Safety and efficiency are both important factors when deploying large language models(LLMs). LLMs are trained to follow human alignment for safety, and post training quantization(PTQ) is applied afterward for efficiency. However, these two objectives are often in conflict, revealing a fundamental flaw in the conventional PTQ paradigm: quantization can turn into a safety vulnerability if it only aims to achieve low perplexity. Models can demonstrate low perplexity yet exhibit significant degradation in alignment with the safety policy, highlighting that perplexity alone is an insufficient and often misleading proxy for model safety. To address this, we propose Alignment-Aware Quantization(AAQ), a novel approach that integrates Alignment-Preserving Contrastive(APC) loss into the PTQ pipeline. Compared to simple reconstruction loss, ours explicitly preserves alignment by encouraging the quantized model to mimic its safe, instruction-tuned model while diverging from the unaligned, pre-trained counterpart.

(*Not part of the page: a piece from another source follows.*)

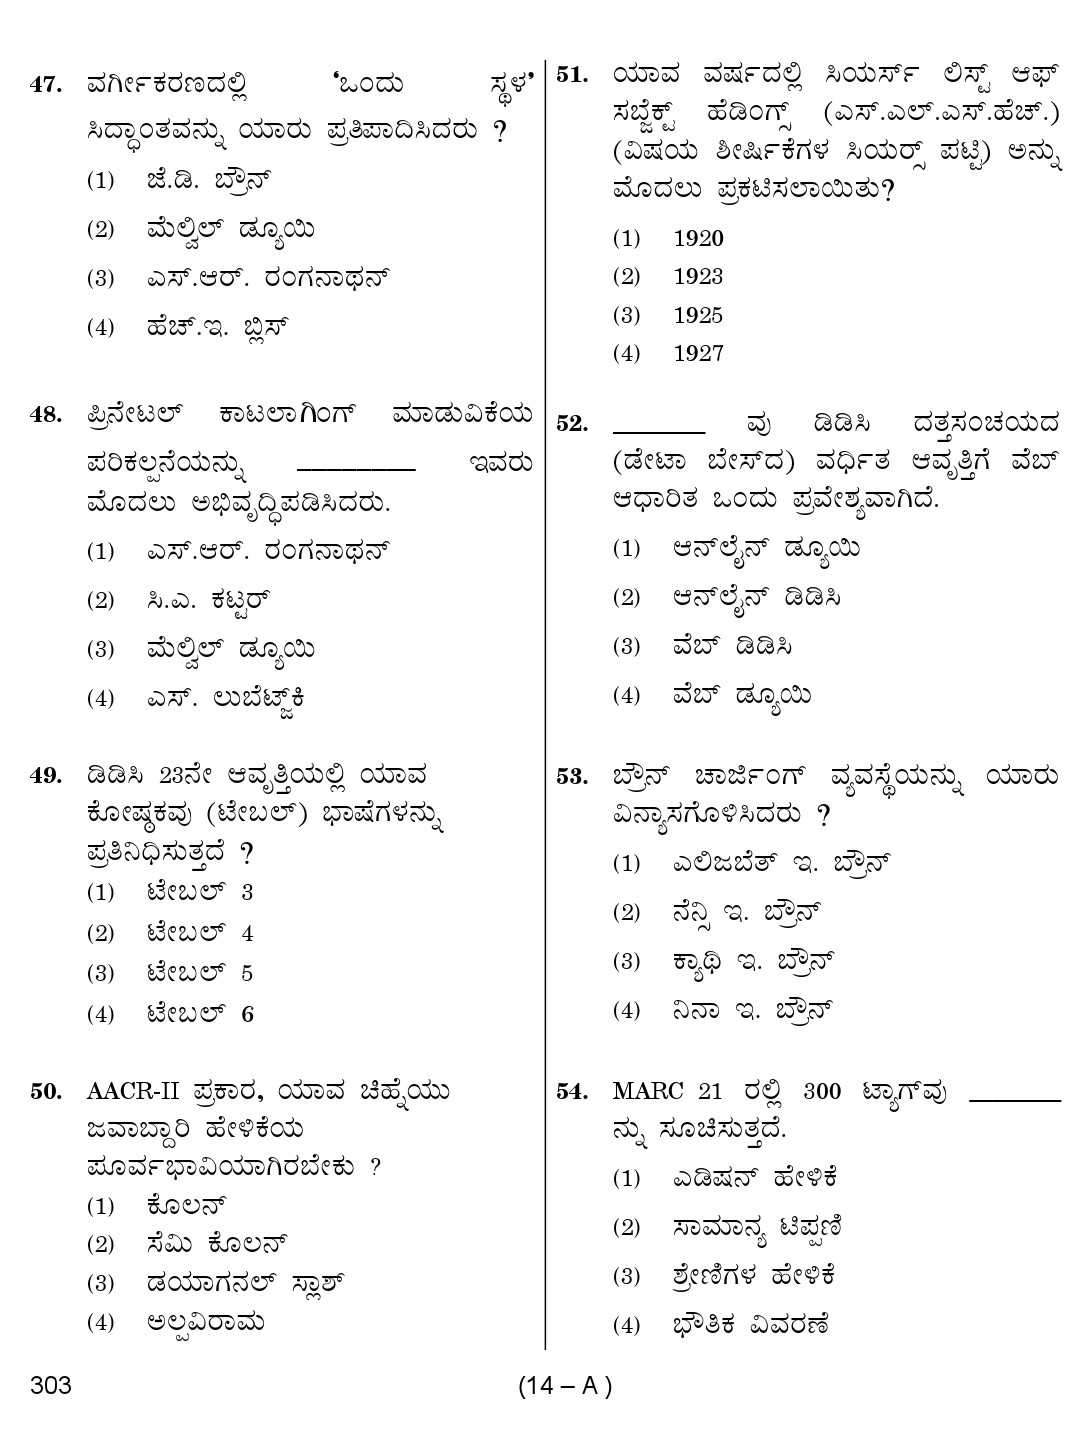 Karnataka PSC 303 Specific Paper II Librarian Exam Sample Question Paper 14

Our method achieves this robust safety alignment without resorting to specialized safety-focused calibration datasets, highlighting its practical utility and broad applicability. AAQ is compatible with standard PTQ techniques and enables robust 4-bit (W4A4) quantization across diverse model families such as LLaMA, Qwen, and Mistral while maintaining safety where previous methods fail. Our work resolves the critical trade-off between efficiency and safety, paving the way toward LLMs that are both efficient and trustworthy. Anonymized code is available in the supplementary material.
- Paper ID: 2511.07842
- Title: Alignment-Aware Quantization for LLM Safety
- Authors: Sunghyun Wee, Suyoung Kim, Hyeonjin Kim, Kyomin Hwang, Nojun Kwak
- Institutions: Seoul National University, LG Electronics
- Classification: cs.AI
- Publication Date: November 2025 (arXiv preprint)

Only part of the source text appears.